Undergraduate Course: Scientific Image Analysis (PHYS11071)

Course Outline
SchoolSchool of Physics and Astronomy CollegeCollege of Science and Engineering
Credit level (Normal year taken)SCQF Level 11 (Year 4 Undergraduate) AvailabilityAvailable to all students
SCQF Credits20 ECTS Credits10
SummaryAn introduction to scientific image analysis i.e. the extraction of quantitative information from scientific images. Both general principles and practical implementation will be covered, including machine-learning approaches. Examples will be drawn from scientific research, but relevance to applications beyond academia will also be covered. The course will also cover examples of scientific imaging techniques, as understanding contrast mechanisms is crucial when interpreting results from image analysis. Both an open-source application (e.g. ImageJ) and a contemporary programming language (e.g. Python) will be used as image-analysis tools, as both tools are widely used for preliminary and batch-processed image analysis.

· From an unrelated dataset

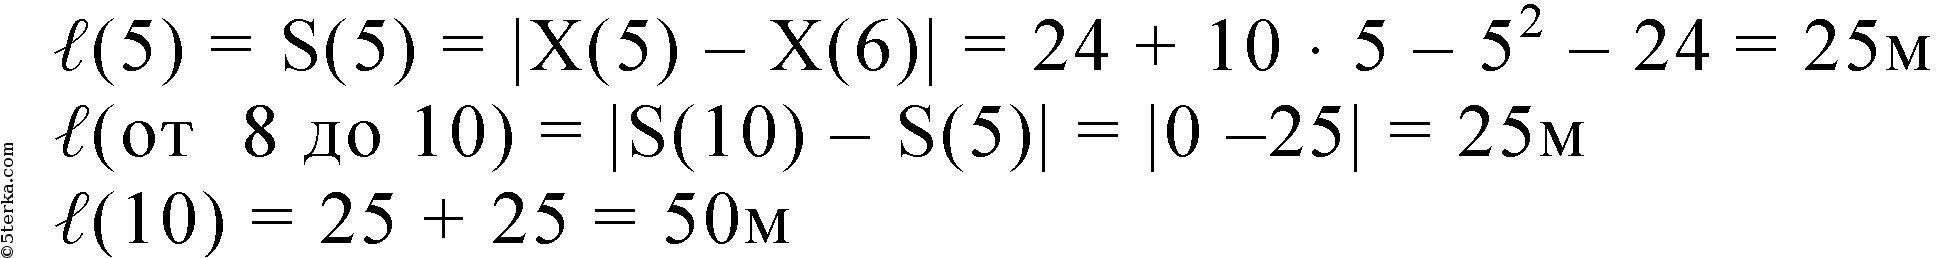 уравнение движения точки по прямой имеет вид

The course starts with a description of images, image properties, and images as numerical arrays. Image acquisition, contrast mechanisms, and image artefacts will be covered. Several techniques for extracting quantitative information from images will be considered, including machine-learning approaches. Examples of applying image analysis to solving problems in physics and astronomy research, and beyond, will be presented.
Course description Image analysis involves the extraction of quantitative information from images, image sequences or videos; these days the images are usually digital. It is used in academic research, industry e.g. quality control in manufacturing processes, and medical research e.g. analyzing X-ray CT images. Within the School, it is used in Astronomy, (Soft) Condensed Matter and Particle Physics. Hence, it is a skill that is regularly encountered in both undergraduate and postgraduate (research) projects. Overall, it is a skill that may well be useful to any graduate, whether planning a career within or outwith academia.

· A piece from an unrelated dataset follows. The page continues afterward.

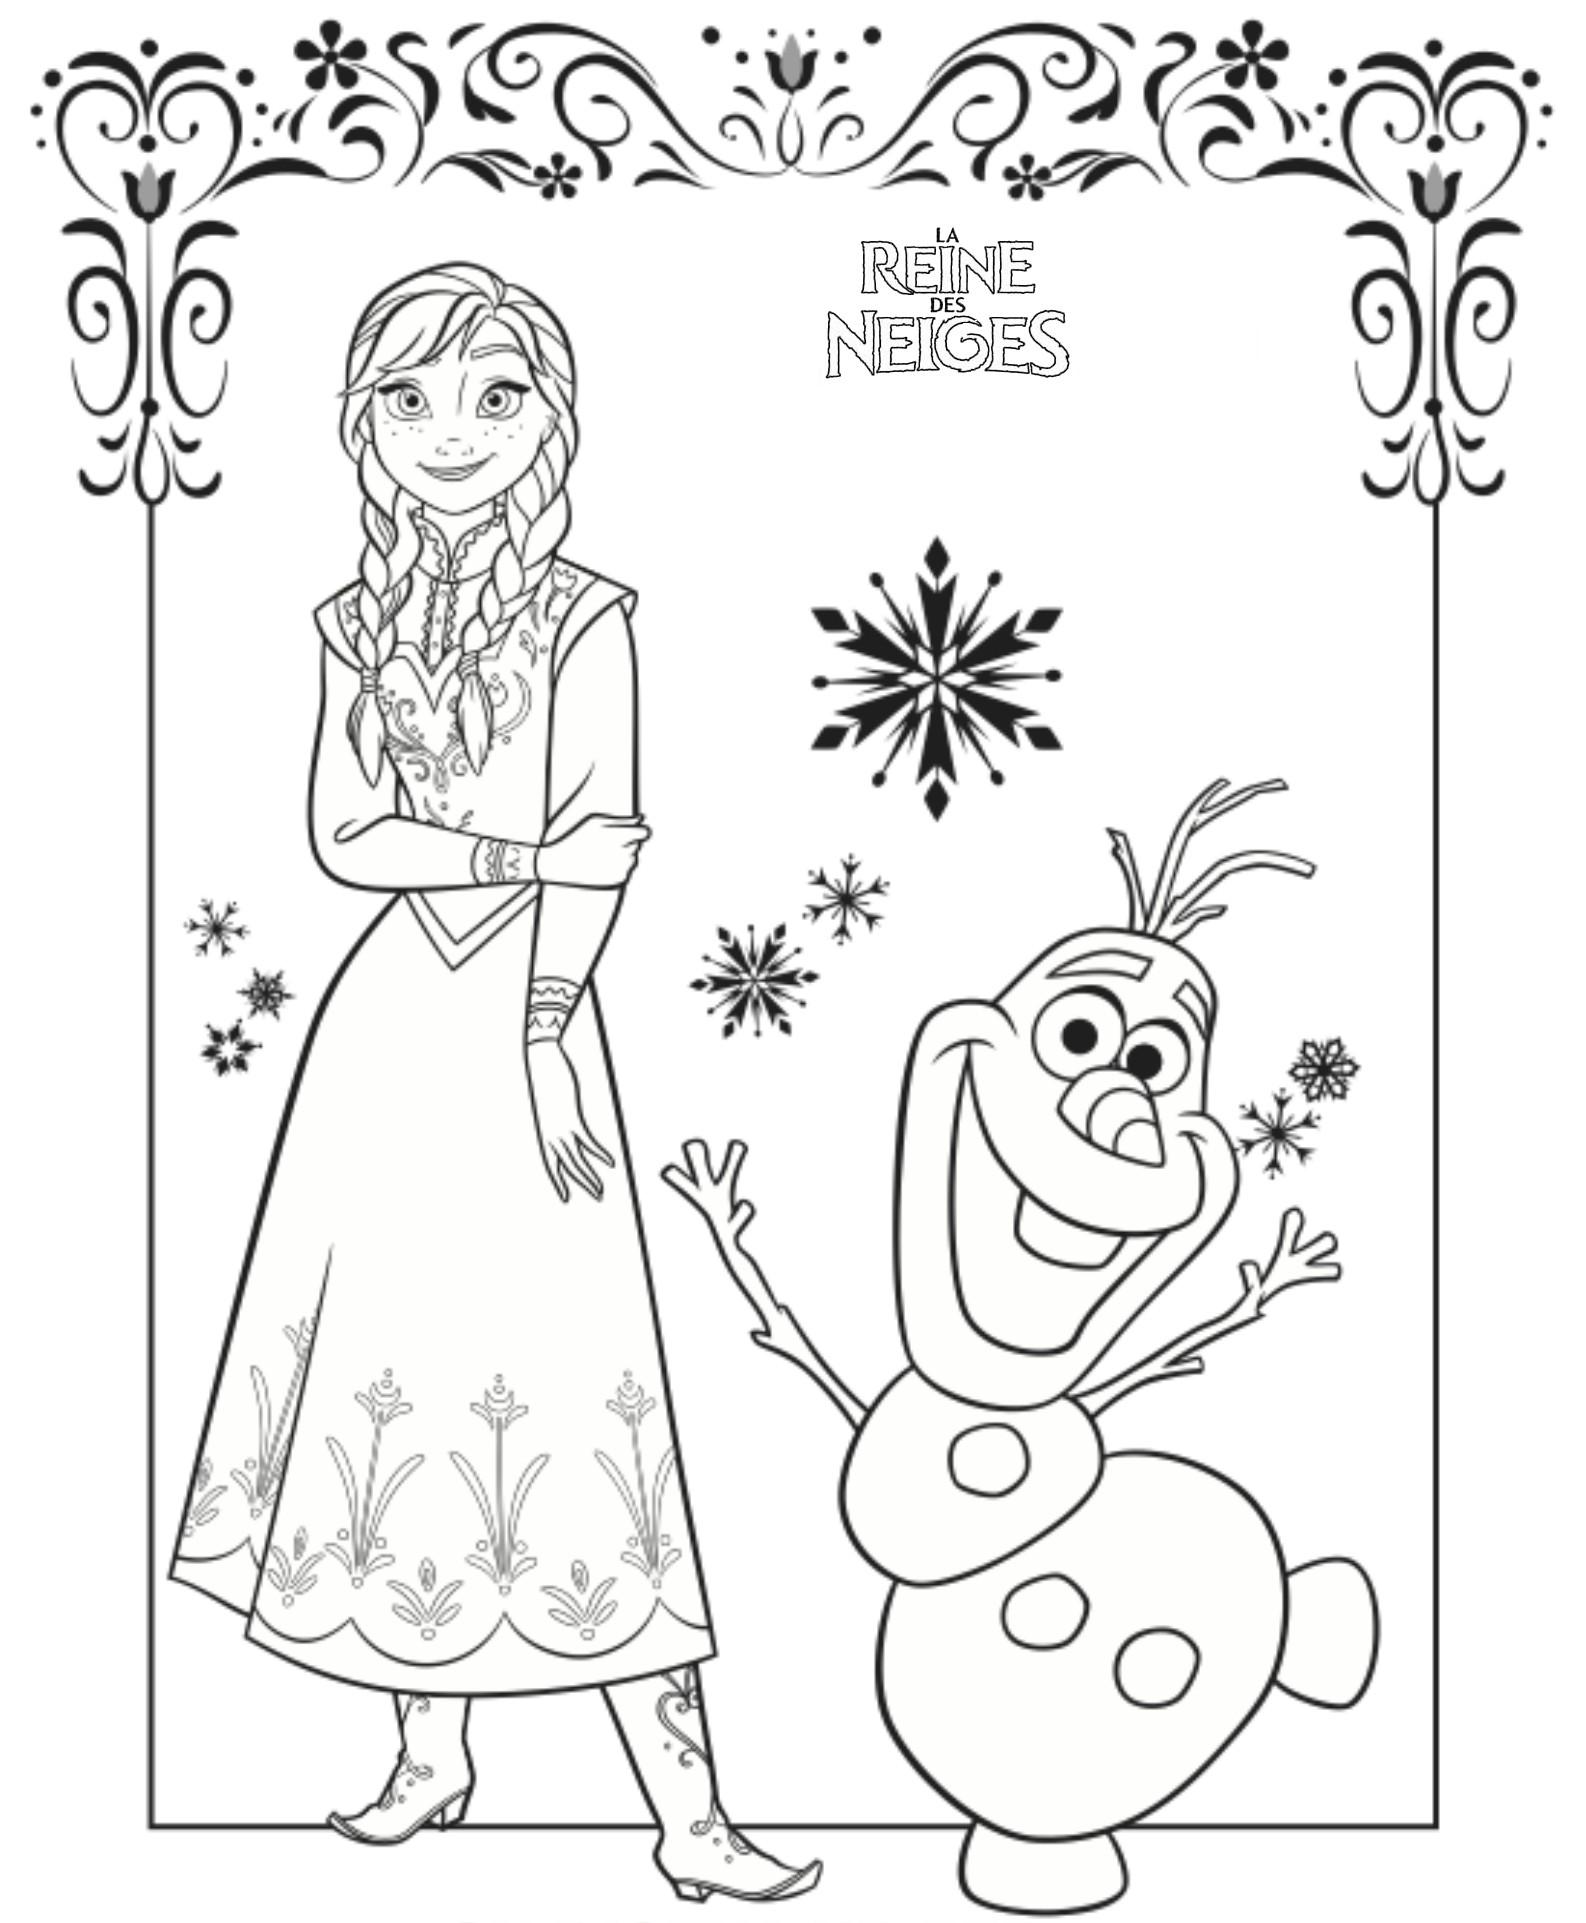 Coloriage reine des neiges disney en ligne - Dessin de reine des neiges ...

Images are typically easy to record (e.g. with a mobile phone) but non-trivial to analyze. In this course, you will learn about scientific images and how to quantitatively analyze them, for example by writing a computer program in such a way that it reliably distinguishes the objects of interest from the background. This may sound trivial, but low signal-to-noise, motion blurring, non-uniform illumination, loss of contrast, etc can make it challenging to extract the desired information from the image. You will also consider image acquisition and how it may affect image analysis, as good image analysis starts with at least a basic understanding of the imaging method. This is because all imaging methods are prone to artefacts, which can lead to misunderstanding; you are more likely to identify artefacts if you understand the imaging method. Moreover, in many cases, the best way to improve quantitative analysis of images is to record higher-quality images.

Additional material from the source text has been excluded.